What needs to be done -> Set the images aside and retype the whole listing exactly.

Collected material ->
____________________

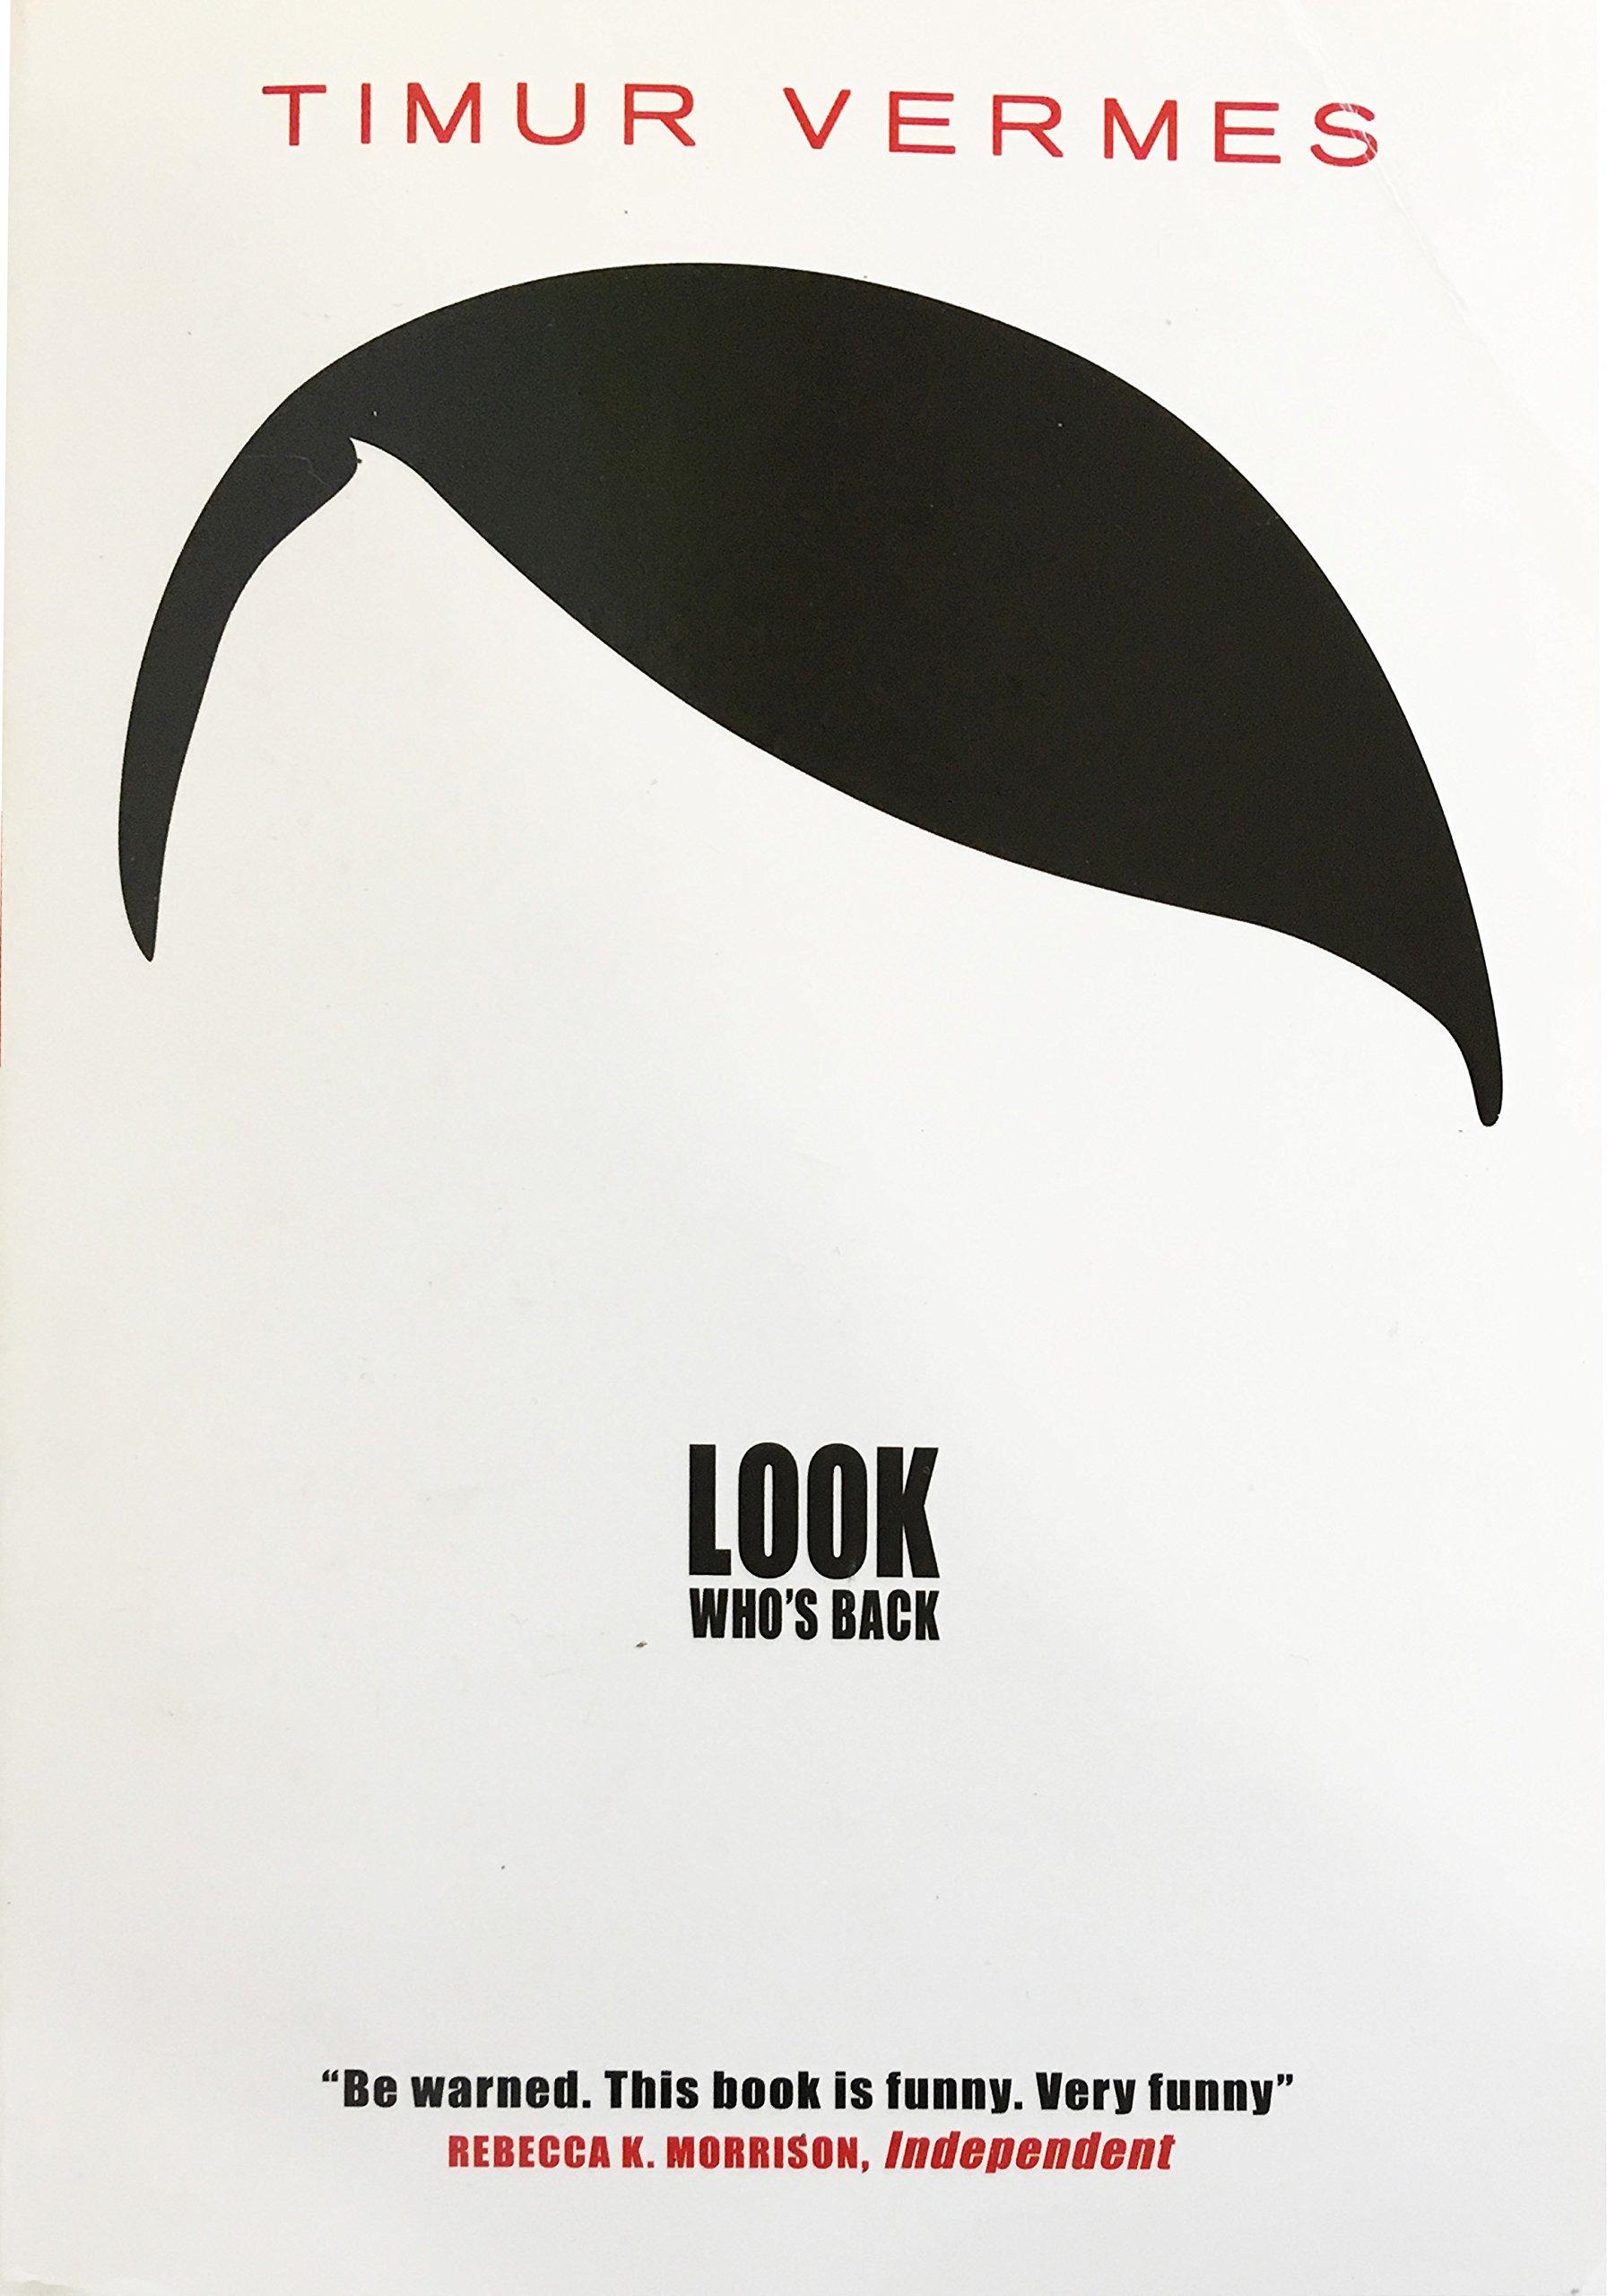 Look Who's Back: Amazon.co.uk: Vermes, Timur, Bulloch, Jamie:  9781782067832: Books
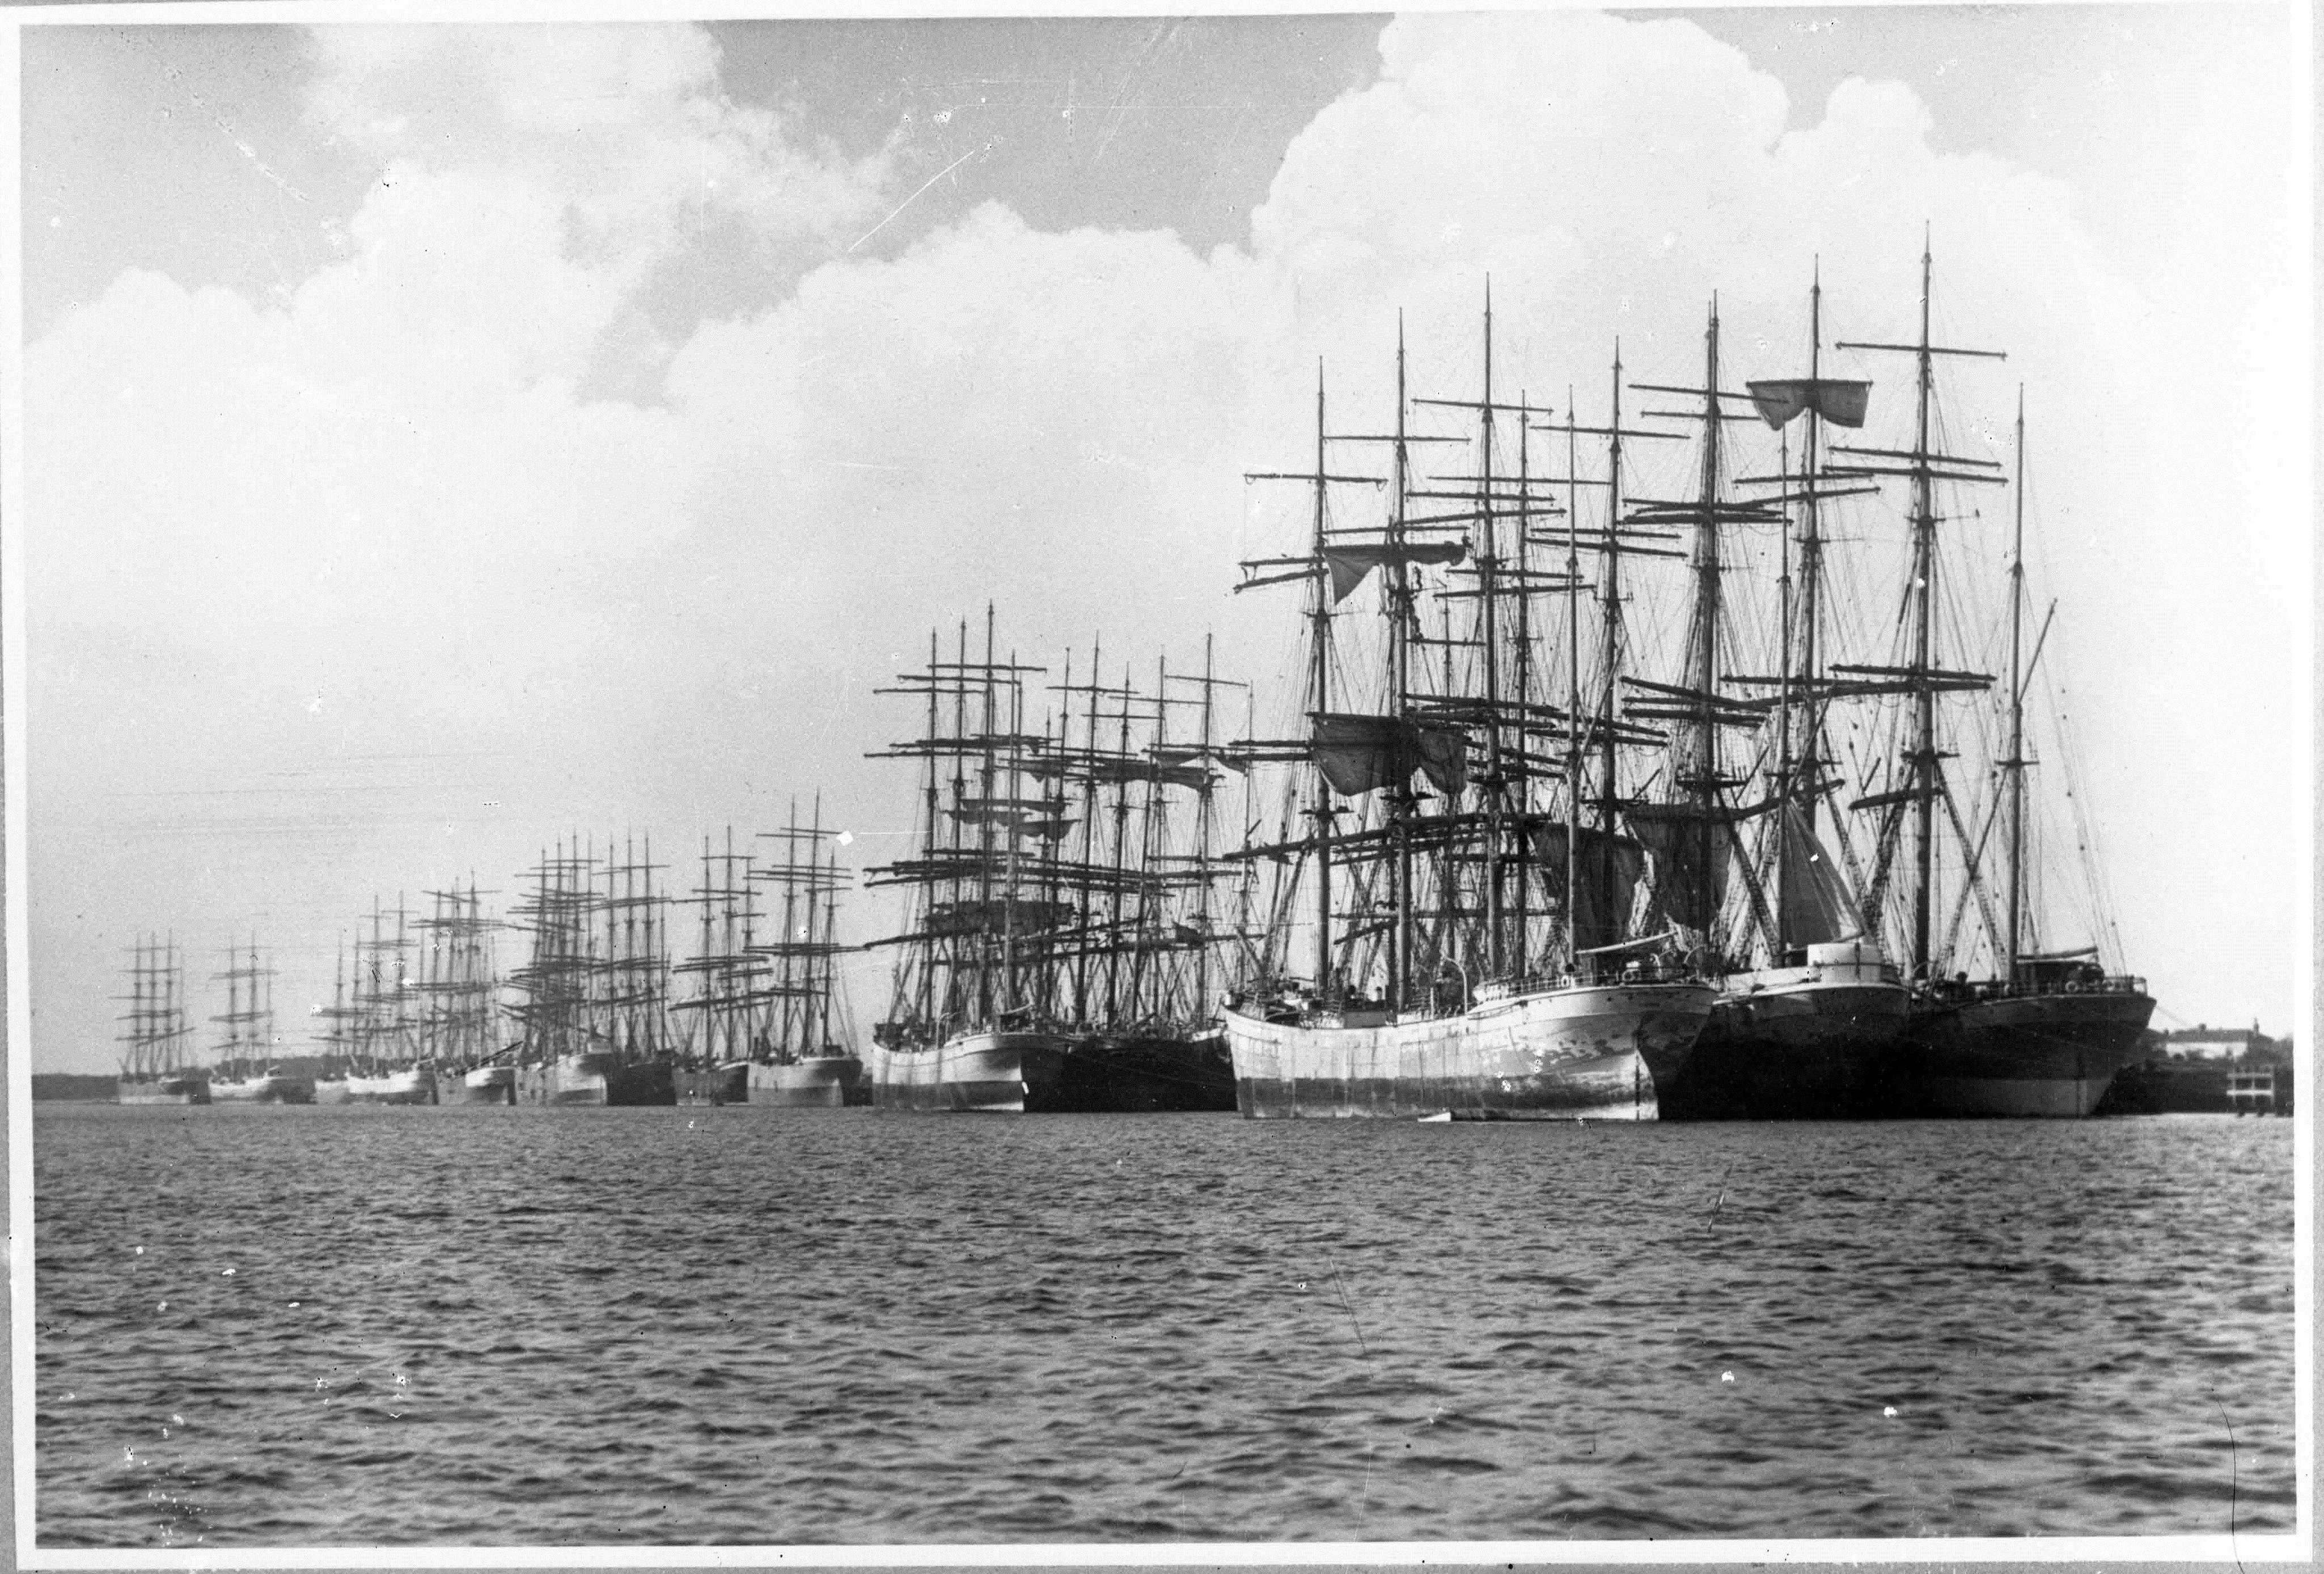 Wallpaper : sailing ship, sea, harbor, Newcastle, waterfront
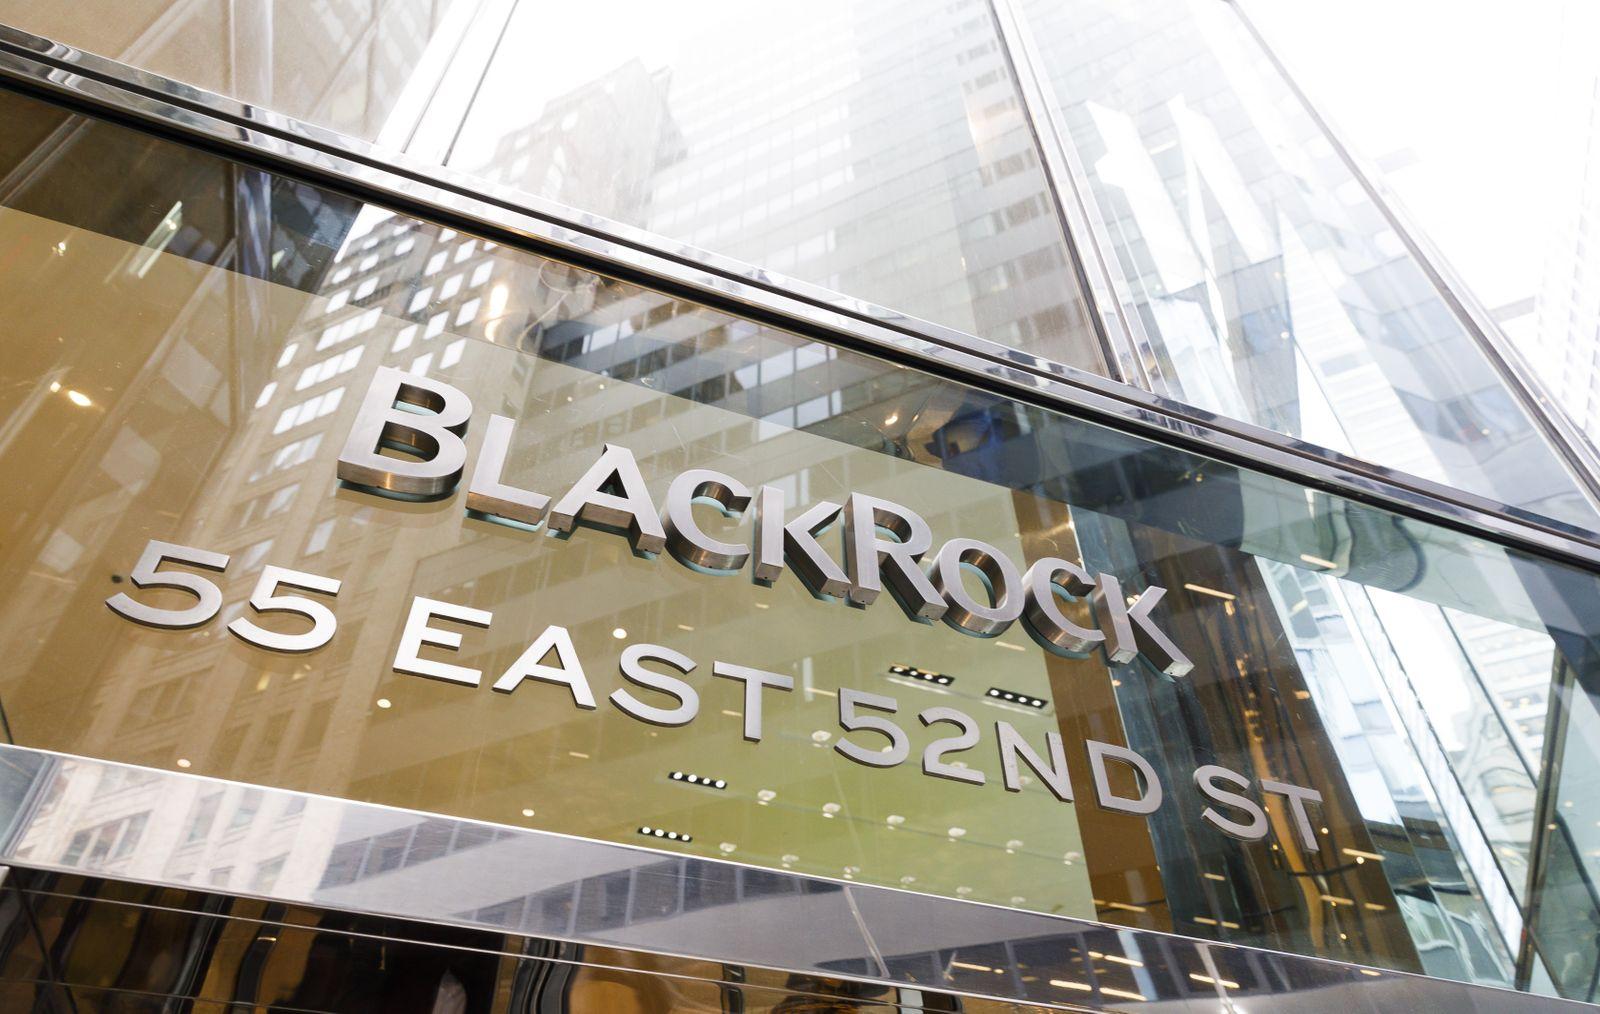 BlackRock results, New York, USA - 16 Jan 2020

____________________

Output for this task ->
 Look Who's Back: Amazon.co.uk: Vermes, Timur, Bulloch, Jamie:  9781782067832: Books
 Wallpaper : sailing ship, sea, harbor, Newcastle, waterfront
 BlackRock results, New York, USA - 16 Jan 2020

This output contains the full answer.